Data shown.
········
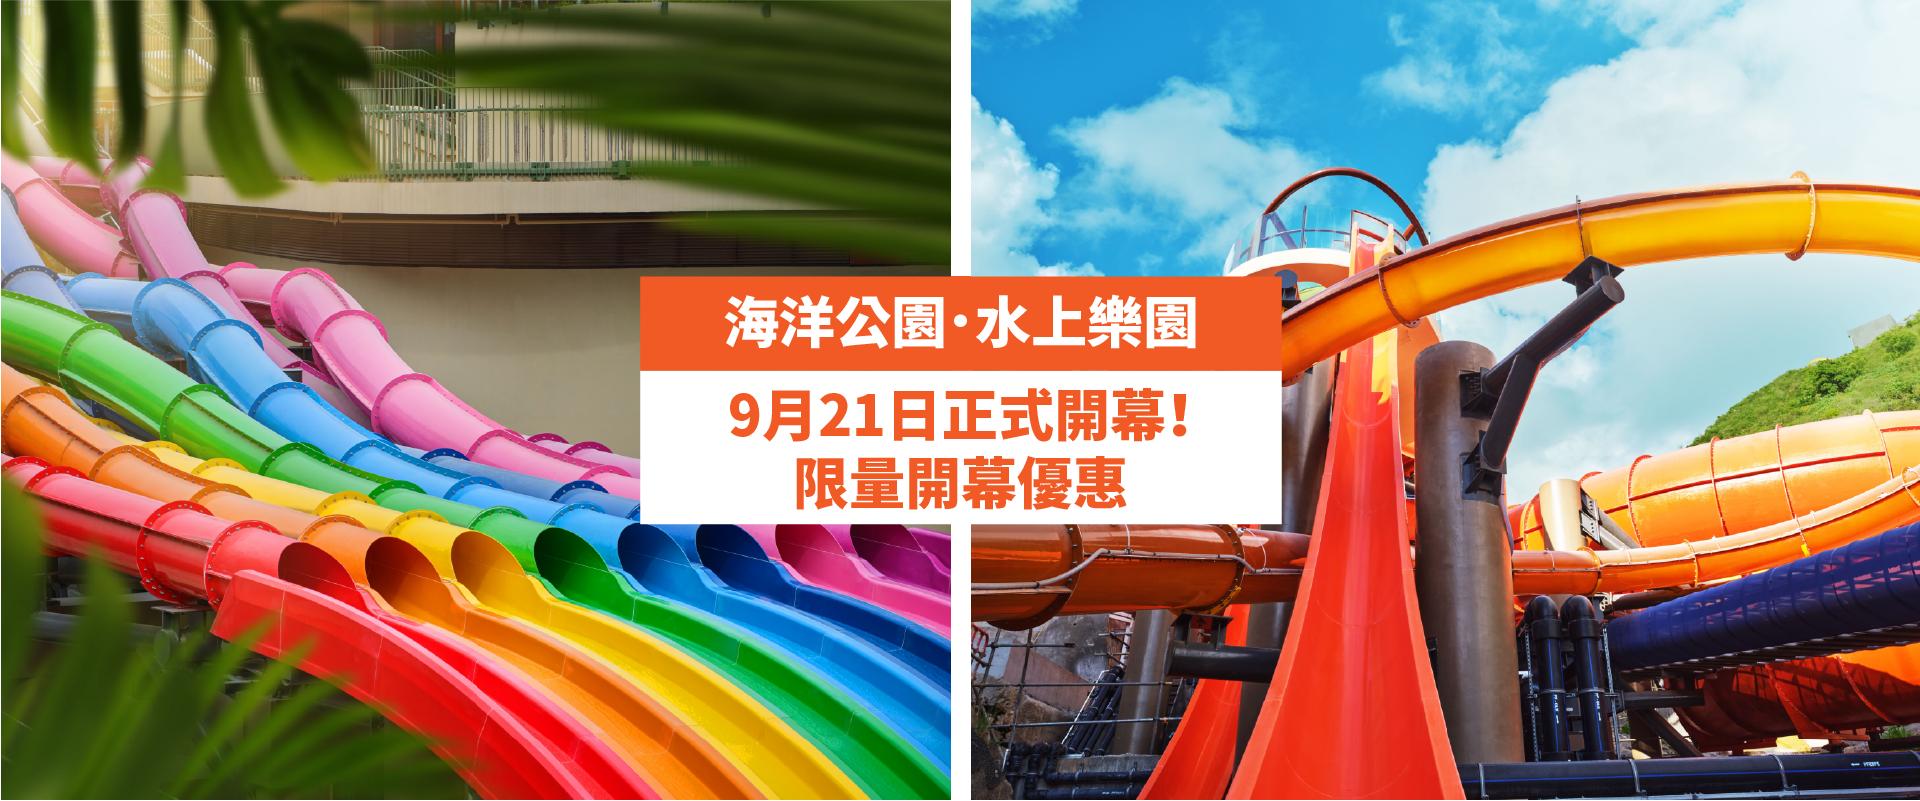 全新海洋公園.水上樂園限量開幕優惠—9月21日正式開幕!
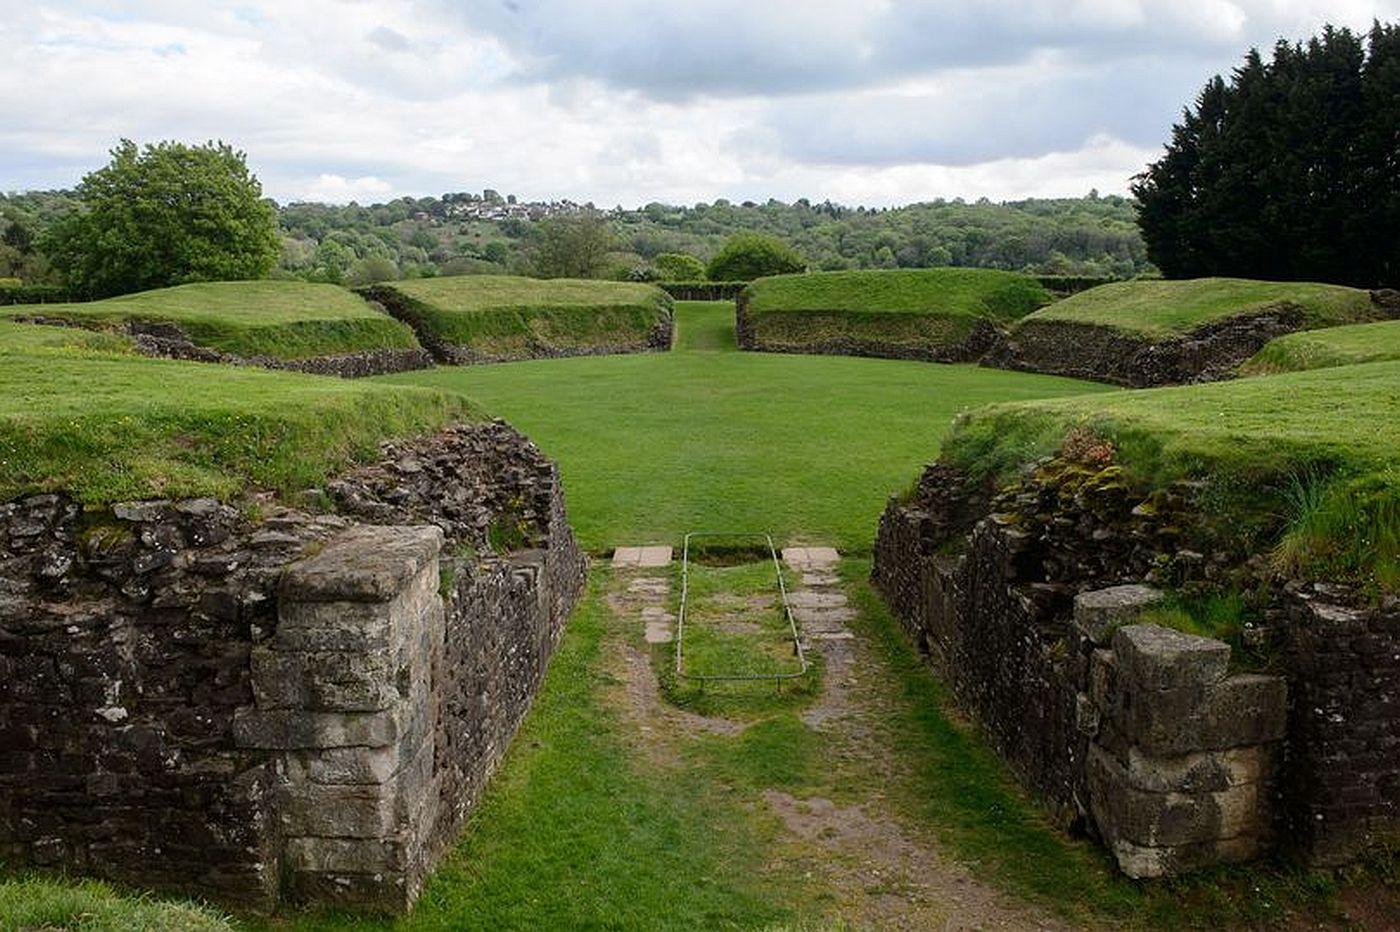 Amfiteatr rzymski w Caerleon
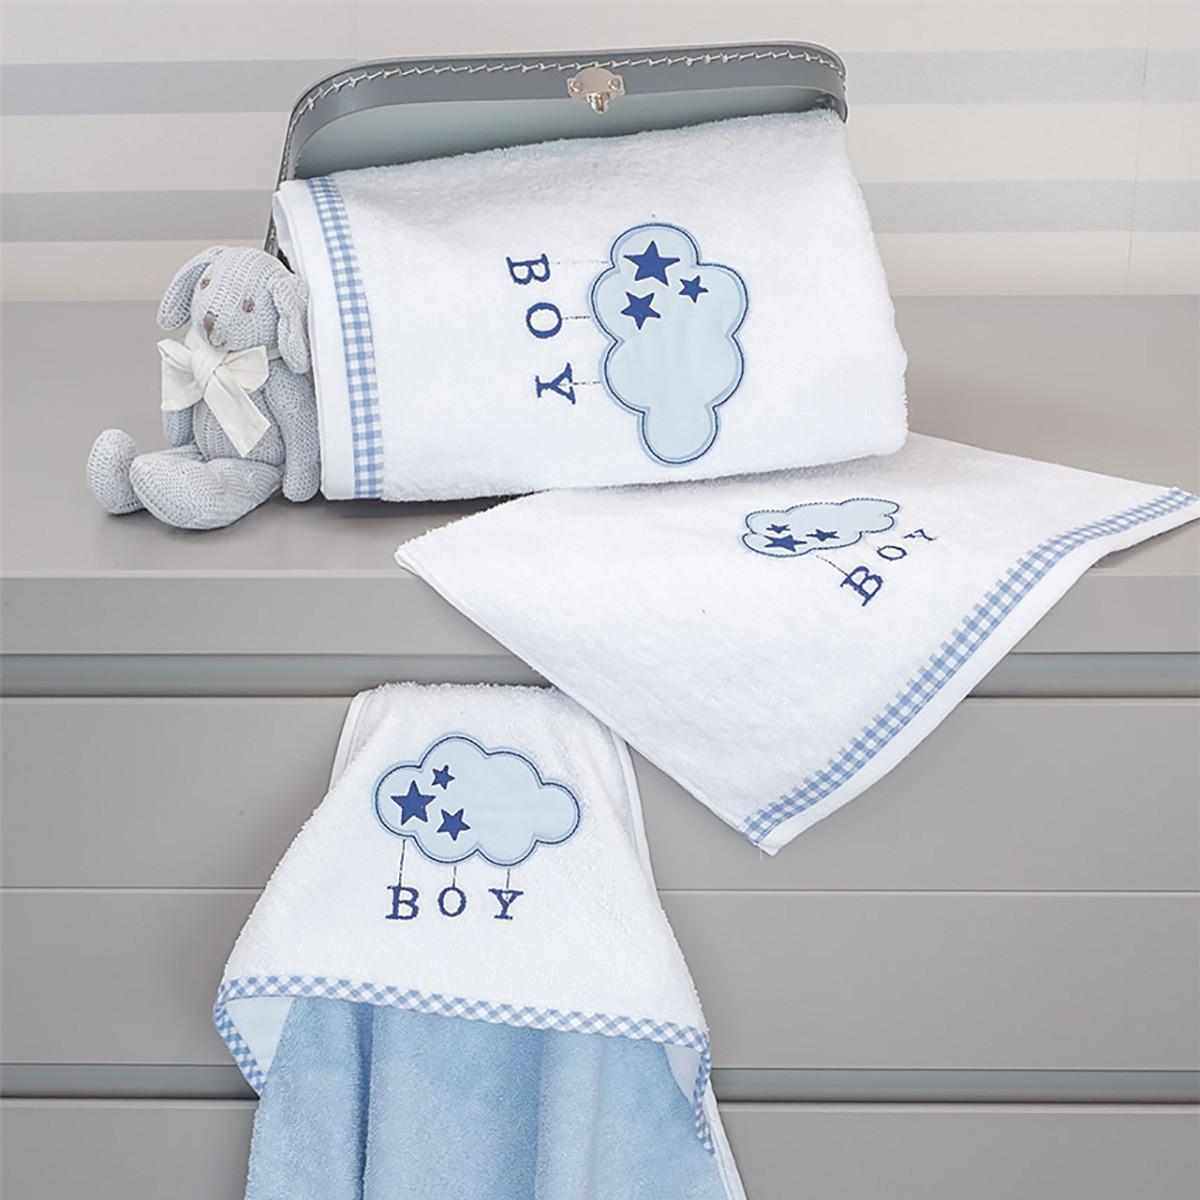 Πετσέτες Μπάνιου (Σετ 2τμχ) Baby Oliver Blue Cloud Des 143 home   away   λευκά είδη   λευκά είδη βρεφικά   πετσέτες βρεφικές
········
Task item. Output the whole listing again, exactly, without its pictures.

Reply.
 全新海洋公園.水上樂園限量開幕優惠—9月21日正式開幕!
 Amfiteatr rzymski w Caerleon
 Πετσέτες Μπάνιου (Σετ 2τμχ) Baby Oliver Blue Cloud Des 143 home   away   λευκά είδη   λευκά είδη βρεφικά   πετσέτες βρεφικές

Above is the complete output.